A ceramics major, Jackson works in other materials as well, but he decided ceramics best serves the statement he's trying to make.

"When you look at clay, you can sense the history about it because it is an old art form," he says. "This (work) deals with history, so I thought it was appropriate."

The tiki and trees on the ceramics are in some instances barely decipherable, which Jackson says is his attempt to turn the images into abstractions. "It's (addressing) the evolution of the meaning of palm trees and tiki -- the most typical iconic images of Hawaii -- through time," he says.

"I'm looking at the ground between the sacred and the profane."


Alan P. Ness uses glass, oil and steel "to comment on where our country's headed right now" in "Ask Not What Your Country Can Do For You, But What Your Country is Doing to Others." Ness is among the 28 University of Hawaii graduate art students represented in "Instance," which runs at the UH Art Gallery through Friday.

ALAN P. NESS'S eye was on the state of the United States when he created "Ask Not What You Can Do for Your Country, but What Your Country Is Doing to Others," a glass sculpture that bears an image of John F. Kennedy with head cast downward.
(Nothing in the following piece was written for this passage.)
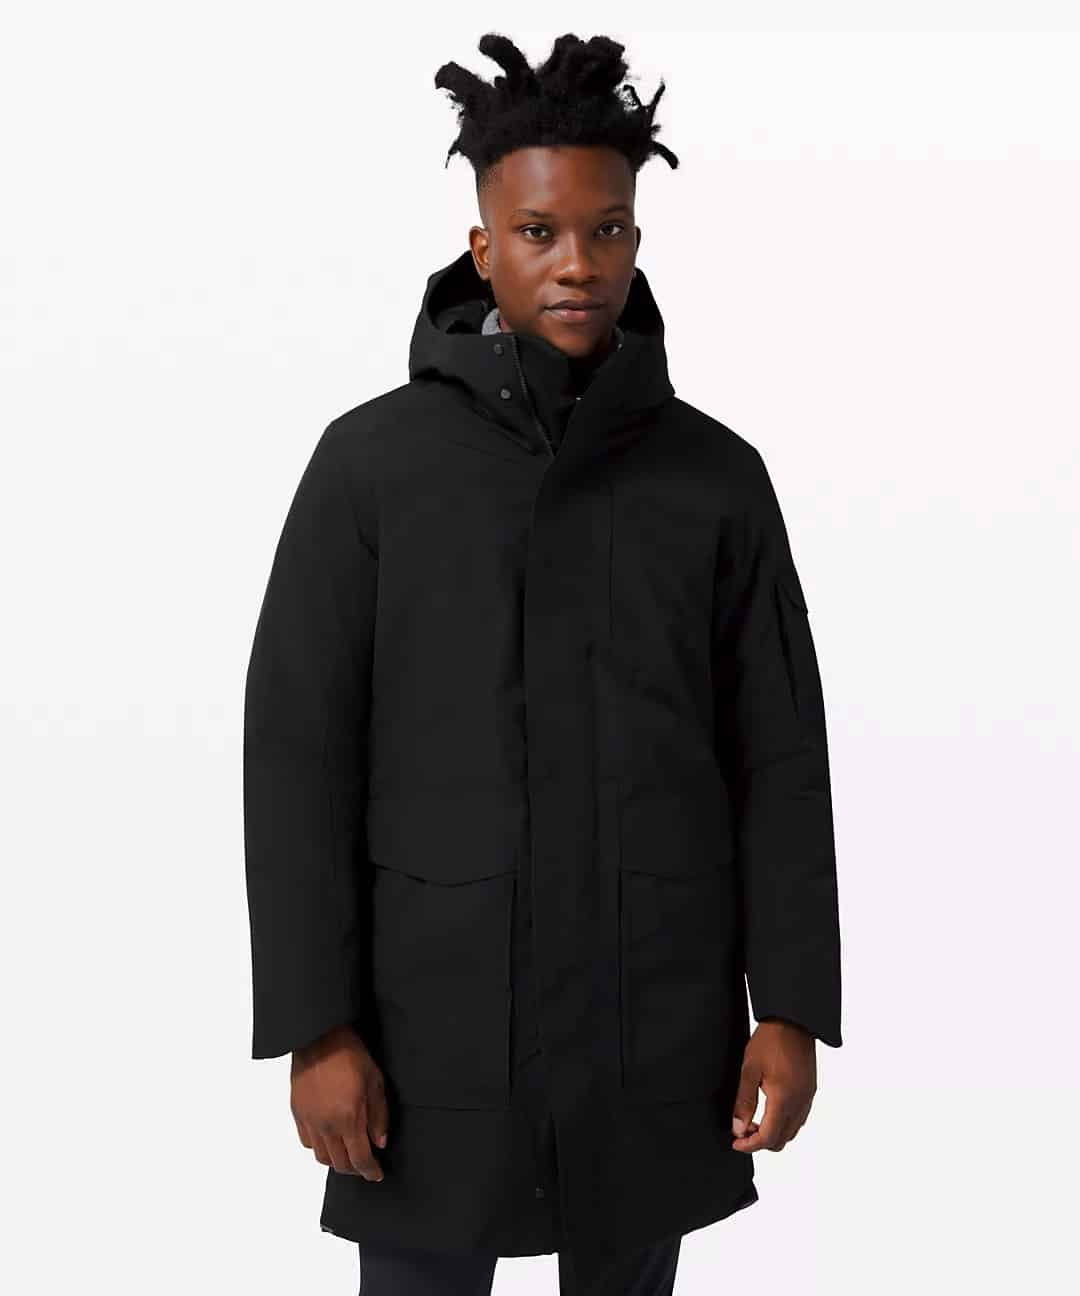 Cold City Parka | Men's Jackets & Coats | lululemon

The glass is set on a steel base that also serves as a container -- for oil.

"I wondered what Kennedy would think" about what's happening with our country today, Ness says.

The artist conveys the fragility of our economy, and our country, through "the fragile medium of glass."

The oil, a multifaceted reference to the war in Iraq and its connection to our economy, possesses reflective qualities, representing "how translucent our economy is these days," Ness says. "You can see the whole piece reflected when you peer into the oil. It's a reflection of our own morals and ideals as a nation."


Karen Goins's work, an oil on canvas, is among a series of four paintings in the show.

PROBABLY the most engaging works in the show are "The Pleasure Seekers" and "I Fell in Love with a Chocolate Dove," interactive installations by Puni Kukahiko. Utilizing stereotypical images of Hawaii -- a hula girl, macadamia nut candy and postcards -- Kukahiko creates something she calls "the paradise construct."

The paradise construct "examines what we are being fed (culturally)," she says. "It has been the subject of my work for a long time."

For "Chocolate Dove," Kukahiko covers a wall with touristy postcards of sunsets. On a nearby table, she displays a hula girl cast in chocolate. Next to the figure is a candy tray offering visitors chopped-up pieces of chocolate hula girl, some with macadamia nuts, others with slices of dried mango. Some chunks are recognizable body parts of the hula girl; others are too difficult to make out.

Kukahiko says the mango is a reference to Gauguin, who "served up native feminine sexuality in his work."


Puni Kukahiko's "The Paradise Seekers," is an installation made of chocolate and light. Kukahiko runs live video over 16 white chocolate hula girls.

ON THE OTHER SIDE of the postcarded wall is "The Pleasure Seekers." Two rows of white chocolate hula girls are mounted on the wall. Superimposed on the repetitive images is live video of gallery patrons on the other side, selecting chocolates before the backdrop of orange sunsets.

"When people are selecting the candy, they stay on the video longer," Kukahiko laughs. "I'm still casting chocolate every night."

Kukahiko made the mold of the hula girls herself. "I bought a hula girl statue in Waikiki. The label says she was 'cast in simulated lava,' which means plastic," she says with a grin. "I made a mold out of rubber from it."

Kukahiko says the ideas for her installation came after she couldn't get a hapa-haole Hawaiian song out of her mind. "The title was something like 'I Fell in Love with a Hapa-Haole Hula Girl,'" she says. One of her responses to the song was to address "hybridization" through the use of both dark and light chocolates to cast the hula girls.

While Kukahiko is getting plenty of mileage out of the hula girl mold, one wonders what she would possibly do with all those postcards.

"Maybe I'll mail them out to some unsuspecting friend in some underhanded way," she says, laughing. "I'll accost them with it."


"Slipping up," above, is among eli baxter's humorous mixed media work.